Common cohort grouping criteria include:

  • First purchase date
  • First login date
  • First subscription date
  • First product activation

This method is widely used in:

  • Customer retention analysis
  • Product usage analysis
  • Marketing performance evaluation
  • Telecom subscriber lifecycle analysis

For example:

  • Customers who made their first purchase in January
  • Customers who made their first purchase in February

Each of these groups becomes a cohort.


Why Cohort Analysis is Important

Traditional aggregation mixes users with different histories.

For example:

  • Some customers joined yesterday
  • Some customers joined one year ago

If we calculate overall metrics like revenue or retention, the results can be misleading.

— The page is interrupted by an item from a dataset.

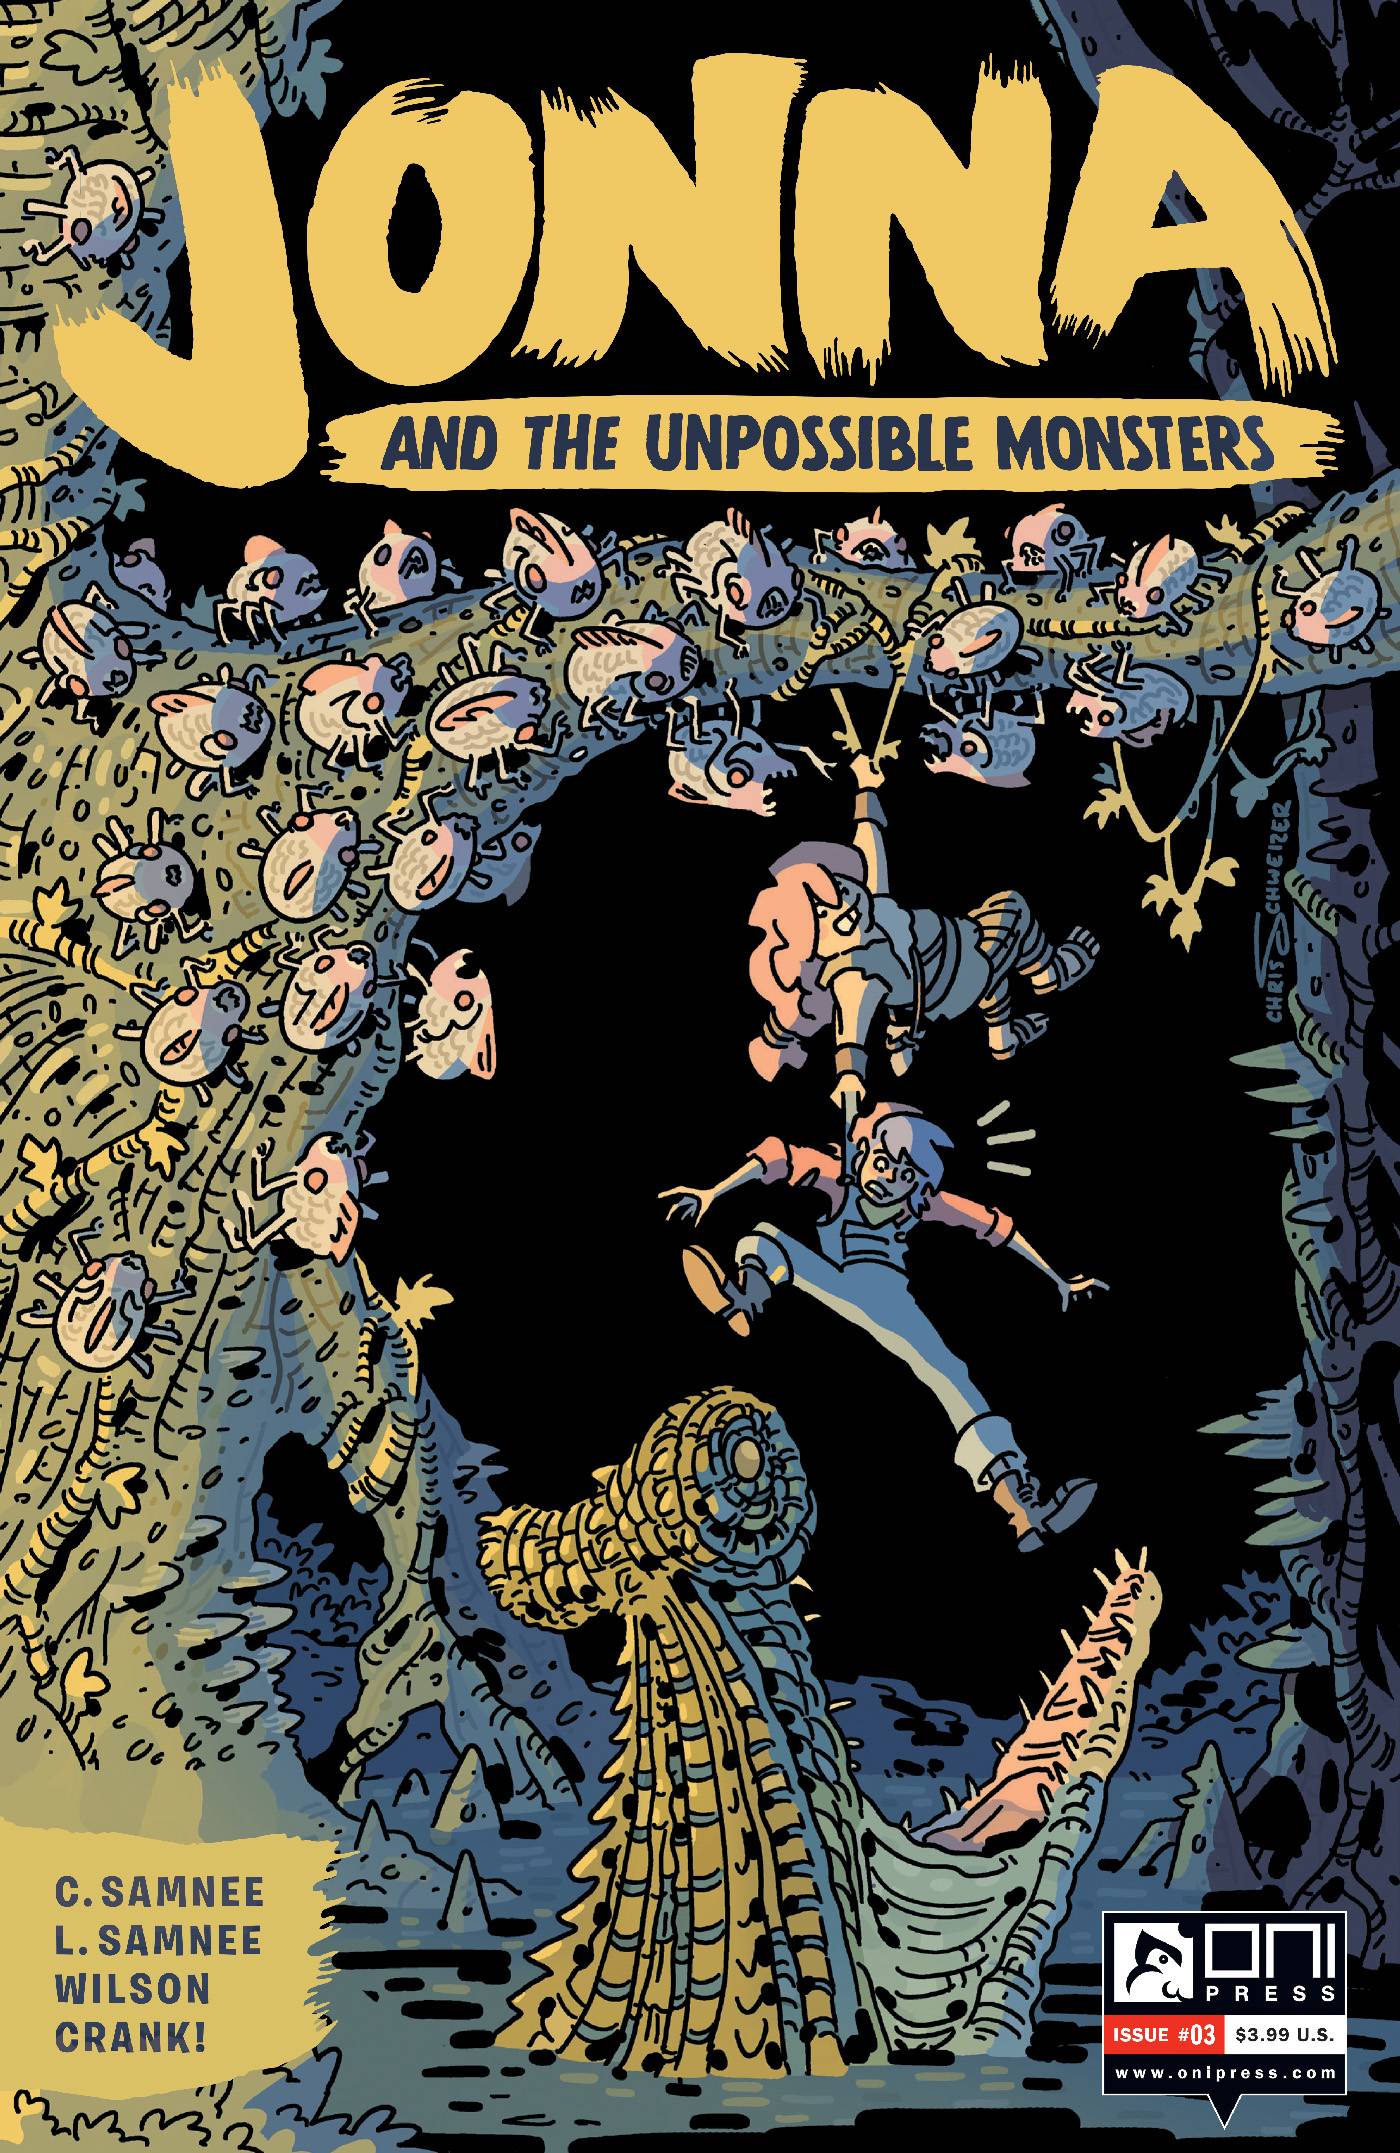 JONNA AND THE UNPOSSIBLE MONSTERS

Cohort analysis solves this problem by aligning users based on their starting point.

This allows analysts to answer questions such as:

  • Do newer users retain better than older users?
  • How long does customer engagement last?
  • Which acquisition month produced the most loyal users?

Cohort Analysis Concept

A cohort analysis typically consists of three components:

  • Period
  • Start Date
  • Metric Being Measured

Example:

Start Date Period 0 Period 1 Period 2 Period 3
Jan 2024 100% 70% 55% 40%
Feb 2024 100% 75% 60% 45%
Mar 2024 100% 72% 58% 44%

Interpretation:

  • Month 0 → when users first appeared
  • Month 1 → one month after acquisition
  • Month 2 → two months after acquisition

This structure allows us to analyze retention or activity decay over time.


Cohort Analysis Workflow in Tableau

Steps include:

  • Identify the first activity date for each user
  • Assign each user to a cohort group
  • Calculate time elapsed since the cohort start
  • Aggregate metrics by cohort and time period

Cohort Analysis Example

Let’s explore Cohort Analysis in Tableau Using the Online Retail Dataset

Cohort analysis becomes very practical with the Online Retail dataset because the table contains transactional data at the invoice line level.

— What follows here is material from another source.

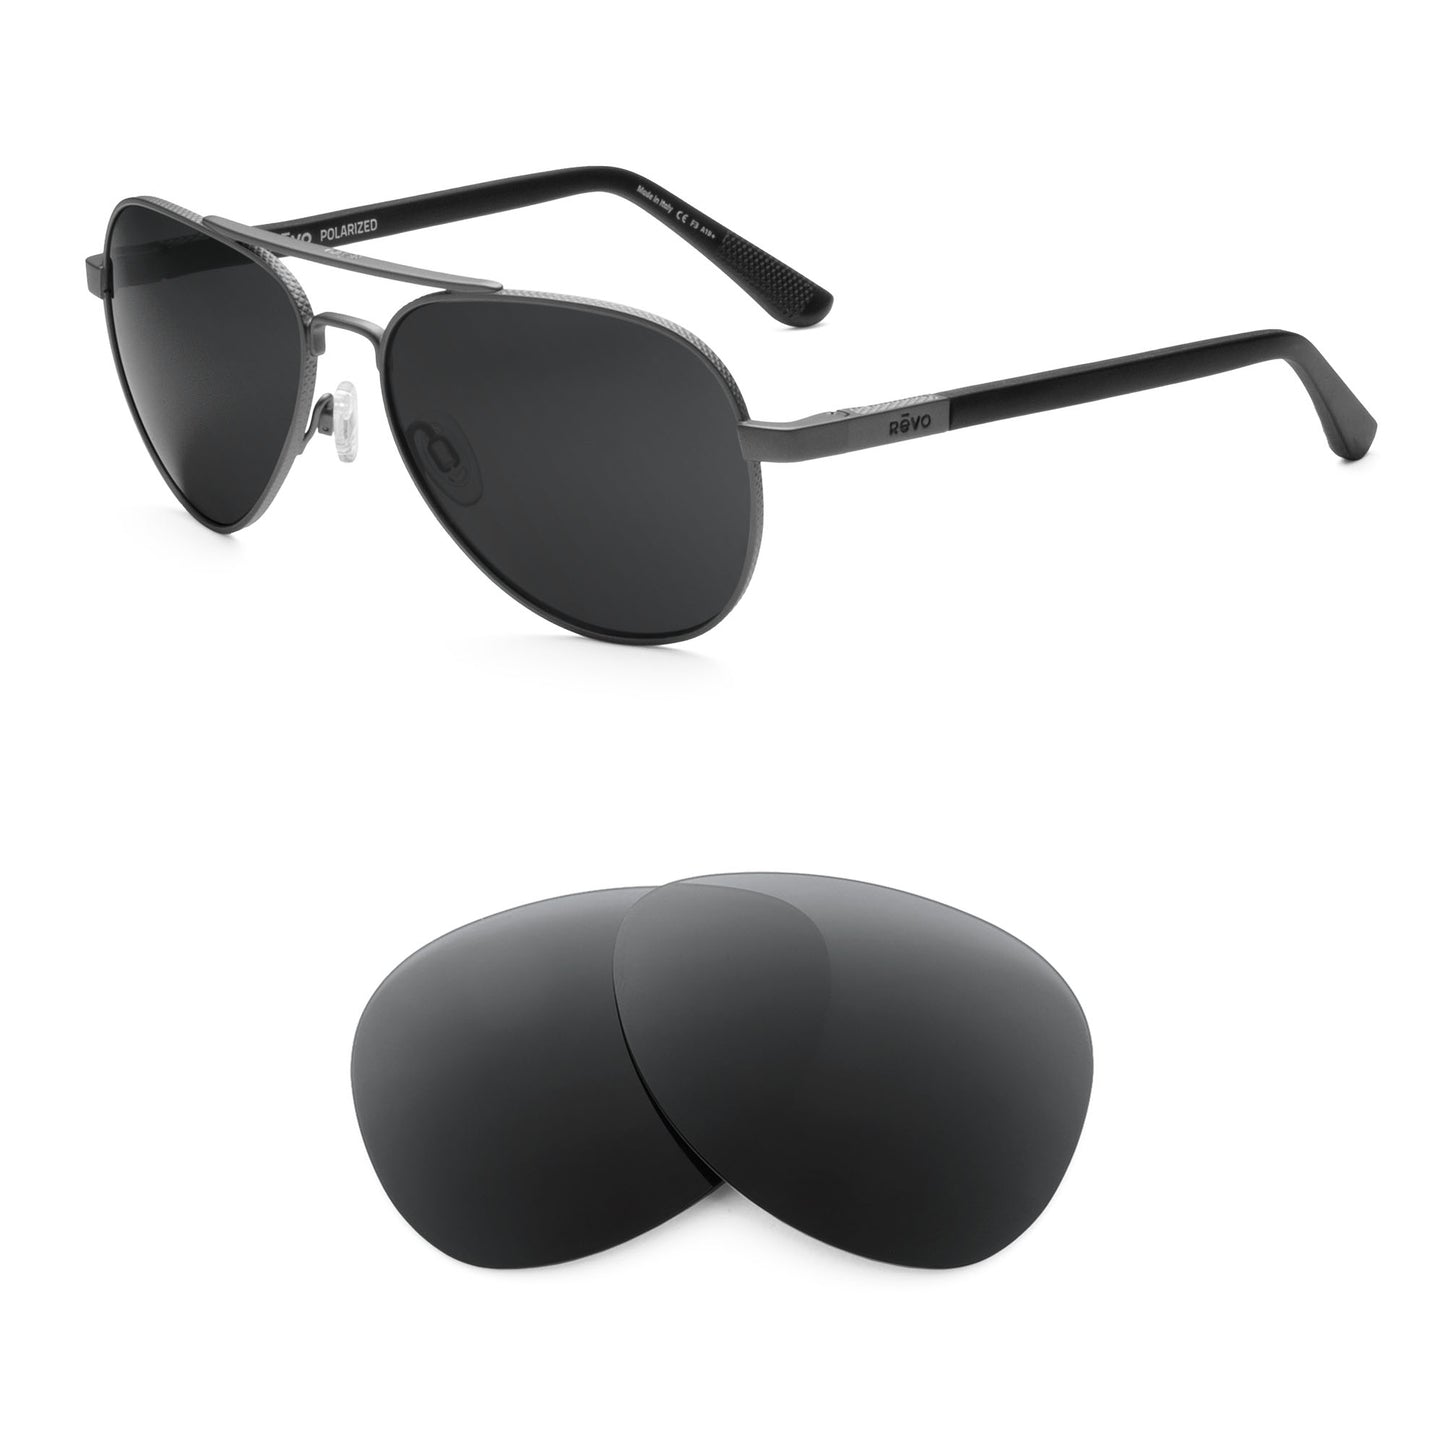 Revo Raconteur sunglasses with replacement lenses

From the, we can see the following important fields:

  • Customer ID identifies the customer
  • Invoice Date identifies when the transaction happened
  • Quantity and Unit Price can be used to calculate sales
  • multiple rows can belong to the same invoice because one invoice may contain several products

In cohort analysis, we usually group customers based on the date of their first purchase and then track their later activity.

In this dataset:

  • each row is a product line within an invoice
  • one customer can have many invoices
  • one invoice can contain many products
  • customers purchase at different times

This allows us to answer questions such as:

  • In which month did the customer make the first purchase?
  • Did the customer return in later months?
  • Which cohort has better retention?
  • Which cohort generates more revenue over time?

For this dataset, the cohort can be defined as:

Customers grouped by the month of their first invoice date

So:

  • customers whose first order was in January 2011 belong to the January 2011 cohort
  • customers whose first order was in February 2011 belong to the February 2011 cohort

Then we compare how active those customers remain in later months.

Cohort Analysis Logic

The cohort analysis process in Tableau will follow this logic:

flowchart LR
A[Customer ID] --> B[Find First Invoice Date]
B --> C[Assign Cohort Month]
C --> D[Calculate Months Since First Purchase]
D --> E[Measure Retention or Sales]
E --> F[Build Cohort Heatmap]


Step 1: Find the First Purchase Date per Customer

We first need to identify when each customer made their very first purchase.

Create a calculated field:

{ FIXED [Customer ID] : MIN([Invoice Date]) }

Name: First Purchase Date

Explanation

This LOD expression tells Tableau:

  • look at each Customer ID
  • find the earliest Invoice Date
  • return that same first purchase date for all rows of that customer

So if Customer 17850 first purchased on 2010-12-01, every row for Customer 17850 will carry that first purchase date.


Step 2: Create the Cohort Month

Cohorts are usually analyzed by month, so we truncate the first purchase date to month level.

DATETRUNC('month', [First Purchase Date])

Name: Cohort Month

Explanation

If a customer’s first purchase date is:

  • 2011-01-20 18:08:00

then the cohort month becomes:

  • 2011-01-01

In Tableau it will usually be displayed as January 2011.

This is the cohort to which the customer belongs.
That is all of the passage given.